In an amusing article in Smithsonian Magazine, a brain scan researcher discovers that he is a psychopath:


Quote:
[James] Fallon seeks to reconcile how he—a happily married family man—could demonstrate the same anatomical patterns that marked the minds of serial killers.

“I’ve never killed anybody, or raped anyone,” he says. “So the first thing I thought was that maybe my hypothesis was wrong, and that these brain areas are not reflective of psychopathy or murderous behavior.”
But no, a scientific theory is never discarded because of contrary evidence. 
[W]hen he underwent a series of genetic tests, he got more bad news. “I had all these high-risk alleles for aggression, violence and low empathy,” he says, such as a variant of the MAO-A gene that has been linked with aggressive behavior.
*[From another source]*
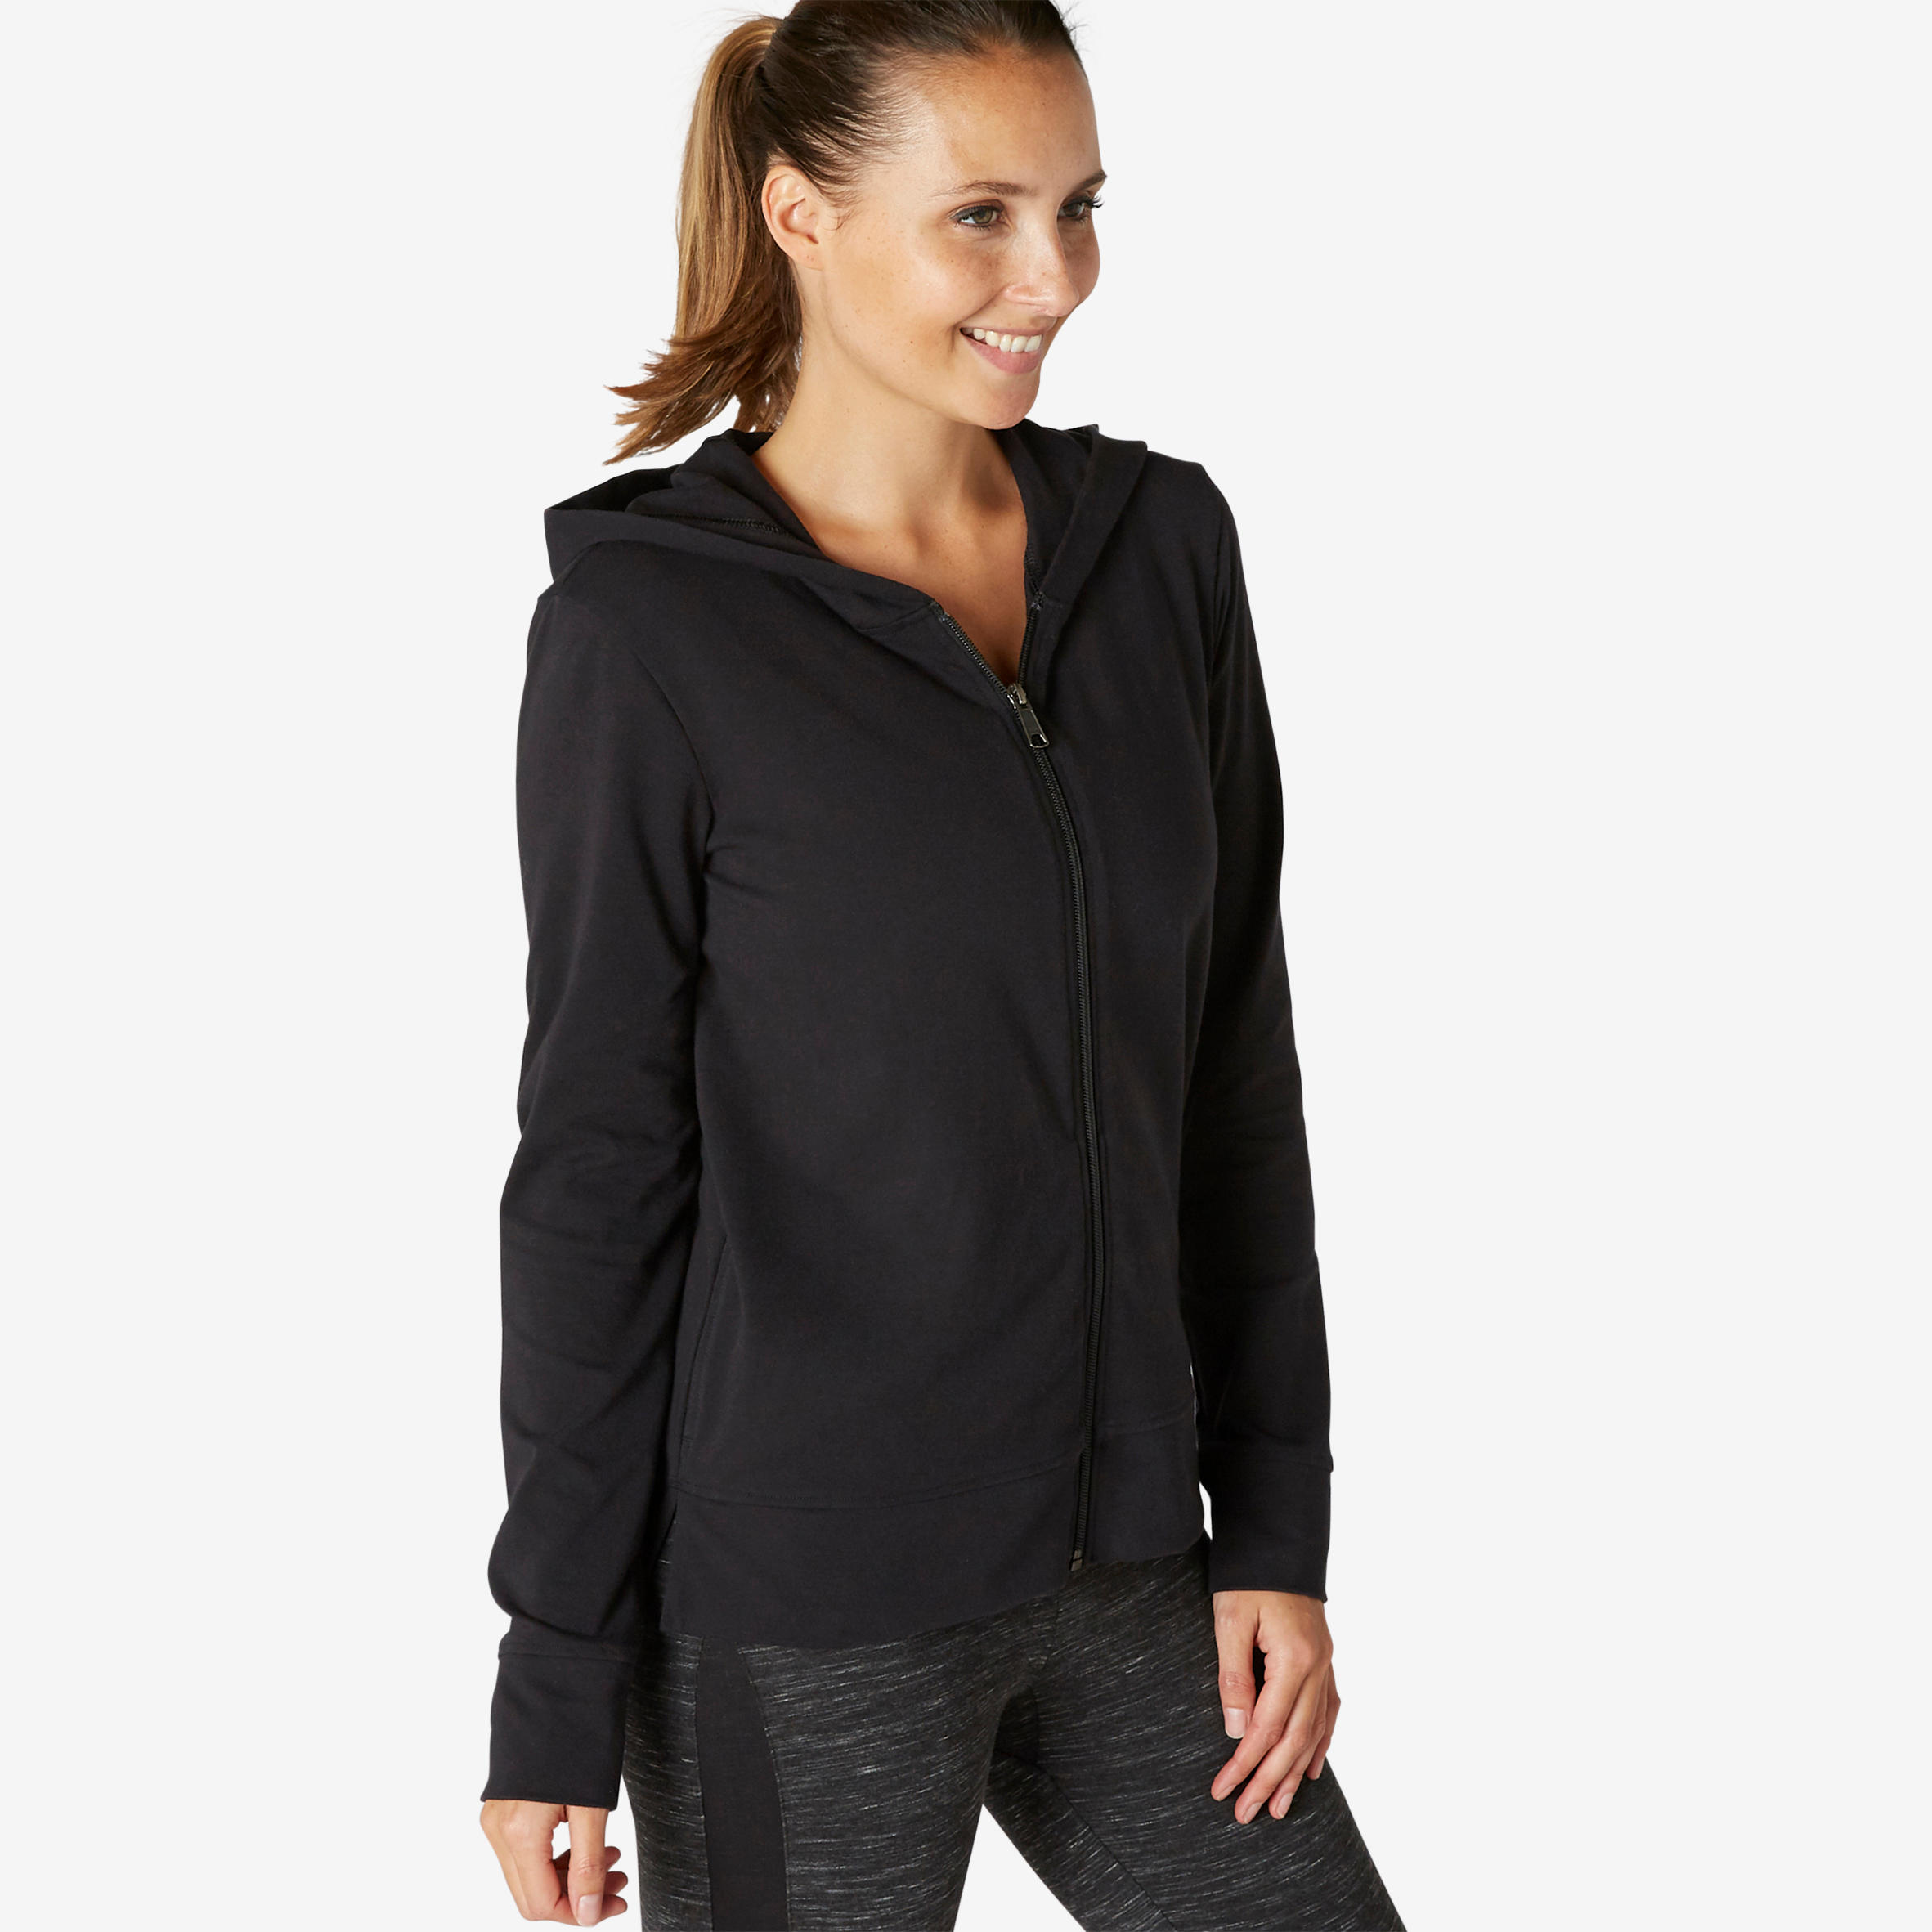 Women's Sweatshirt Hoodie Jacket For Gym 100- Black
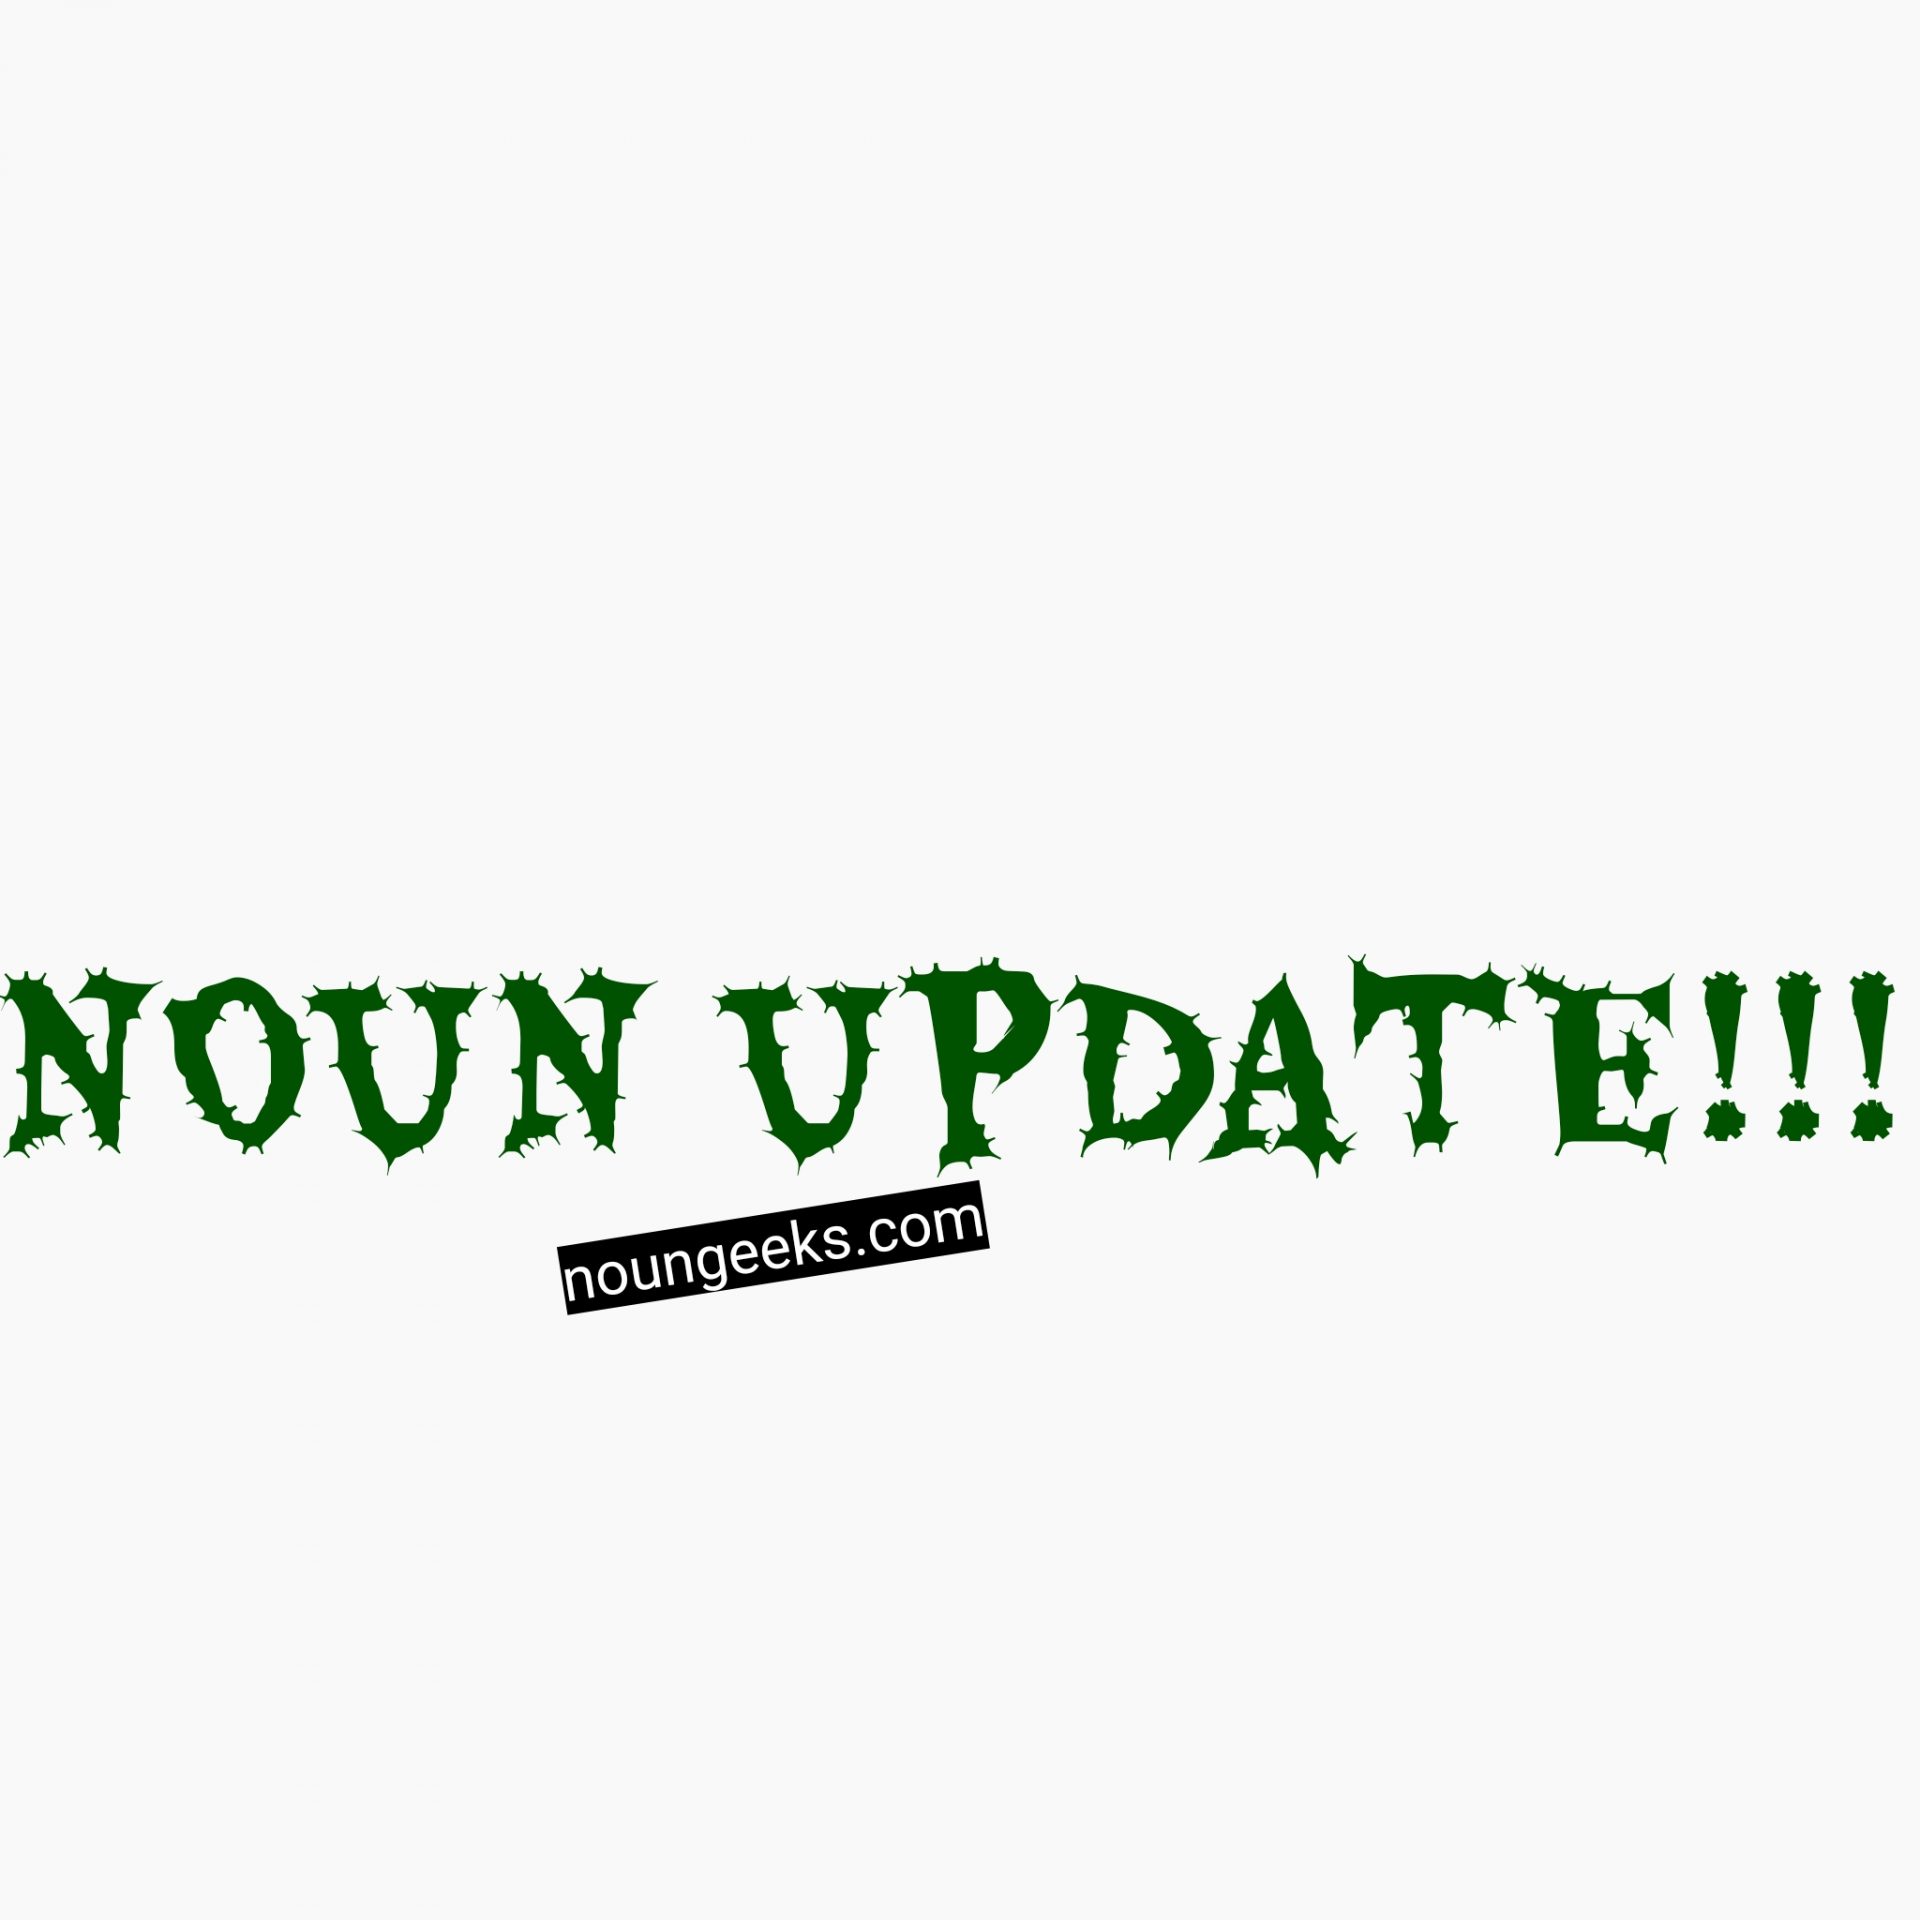 noun update

Eventually, based on further neurological and behavioral research into psychopathy, he decided he was indeed a psychopath—just a relatively good kind
Doncha love it?  The theory can't be wrong.  The correlations can't be merely correlative.  He has to be a good psychopath.  This would be like discovering:
  • a study of ballet dancers reveal genetic markers for strong ankles
  • Joe has genetic markers for strong ankles
  • Therefore, Joe (who does not dance) is a new kind of ballet dancer: the non-dancing ballet dancer!
Is there nothing the New Phrenology can't discover?

5 comments:

  1. Perhaps it can't discover why its proponents are such silly geese?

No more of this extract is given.